Upgrading industrial waste heat with a thermochemical heat pump

This page describes the application of a thermochemical heat pump for upgrading industrial waste heat. A general description of the working principle of a thermochemical heat pump can be found elsewhere. A heat pump with a temperature lift of 50-100ºC is necessary in order to upgrade industrial waste heat. A thermochemical heat pump is theoretically able to do this. There are two applications in this field.

  • Generic upgrading of industrial waste heat to a general utility like medium pressure steam.
  • Process specific upgrading of waste heat across the pinch temperature.

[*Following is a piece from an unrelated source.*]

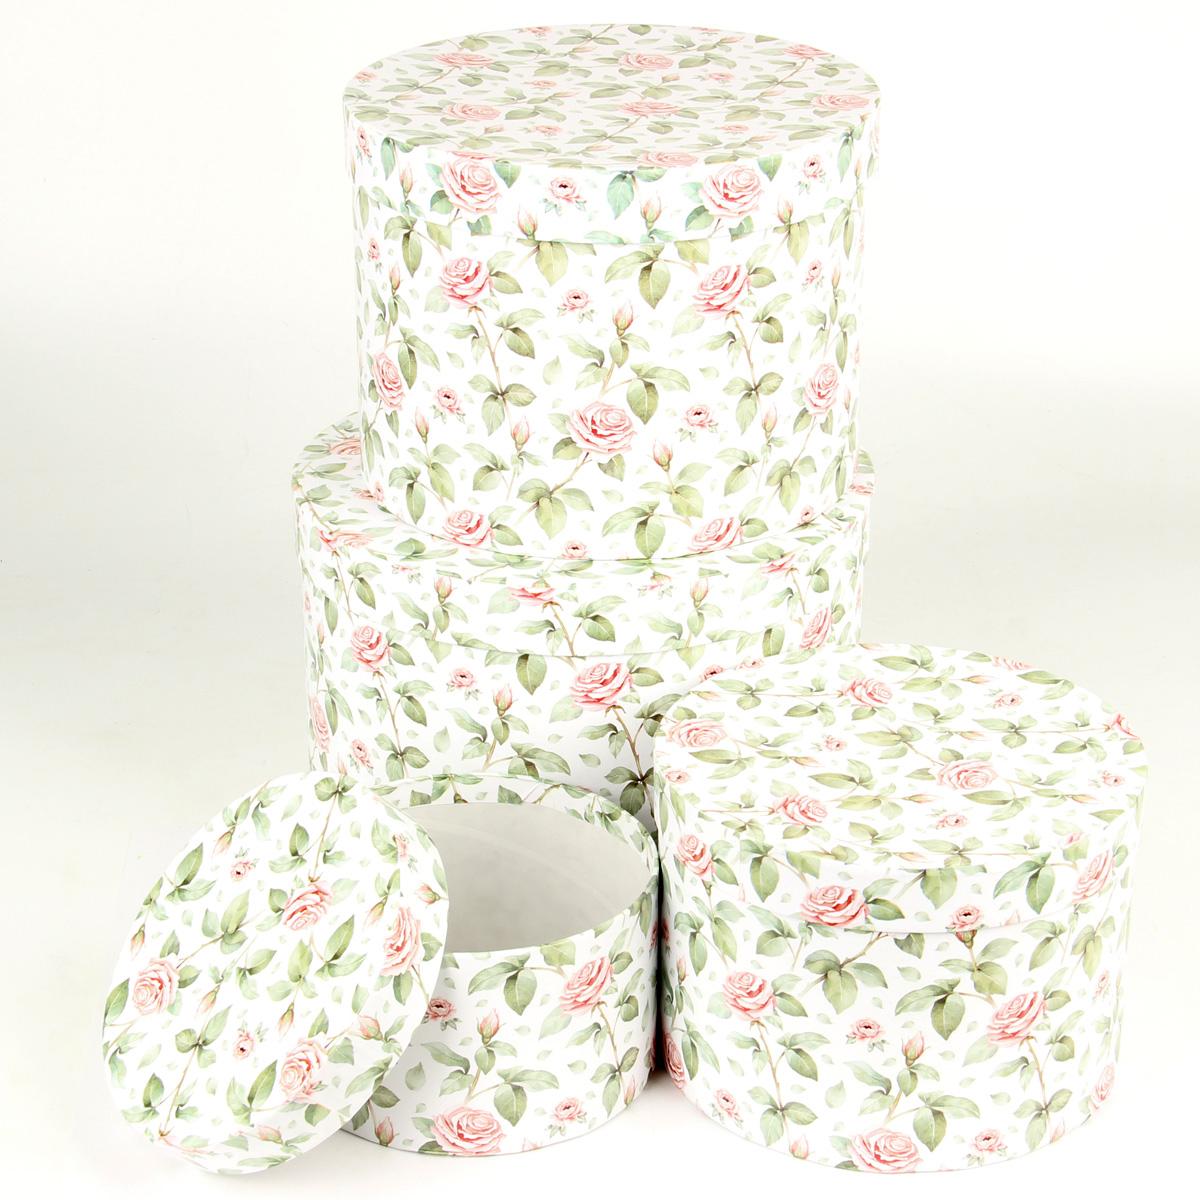 Набор подарочных коробок Veld-Co Чайные розы, круглые, цвет: белый, 4 шт. 67668 набор подарочных коробок veld co шоколад с магнитами цвет светло коричневый 3 шт
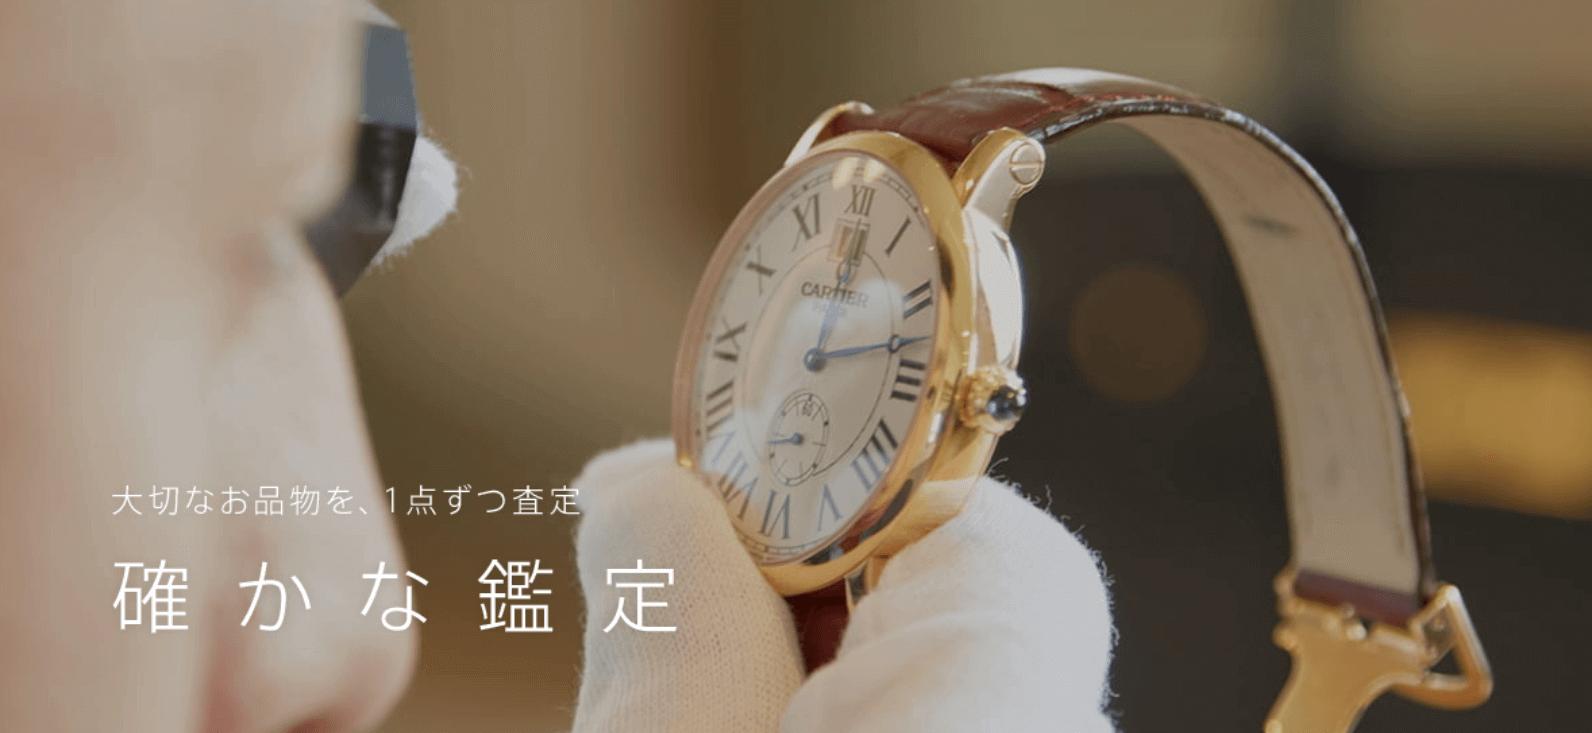 【東京都内・新宿駅徒歩2分】WEBディレクター/自社サービスを手掛ける/幹部候補のカバー写真

The system operates at three temperature levels for both applications. These temperature levels are the waste heat temperature, the ambient temperature and the temperature of the upgraded heat. The system consists of two reactors, each containing a different salt. For this specific system use is made of lithium chloride as low temperature salt (LTS) and magnesium chloride as the high temperature salt (HTS). Ammonia vapour is exchanged between these two salts. Industrial waste heat is used to free the ammonia from the LTS. The ammonia flows, driven by the pressure difference between the two reactors, to the HTS and reacts with the HTS. This exothermic reaction delivers heat at high temperature. During the regeneration step the ambient temperature cools the LTS and the waste heat heats the HTS. The ammonia vapour flows back to the LTS under these conditions. The scheme below shows the implementation of such a system in an industrial process. Both the LTS and HTS reactor vessel are build in twofold in order to achieve a continuous system. A switching control system determines whether the above pair of reactor vessel are loading (regenerating) or discharging. The other vessels are running in the reverse process.

The picture below shows a prototype of a test installation of this system. This installation concerns a batch system with only two reactor vessels.

The goal of the present activities is to obtain the most efficient thermo-chemical reactions by increasing our knowledge on the thermodynamics and kinetics of the individual reactions as well as optimisation of heat and mass transfer in the salt/vapour reactors. In the first few years’ period the technical performance of a system with a thermal power of 1-5 kW will be proven, after which it will be scaled up to about 100 kW. On the long term field tests with a 1 MW system are foreseen.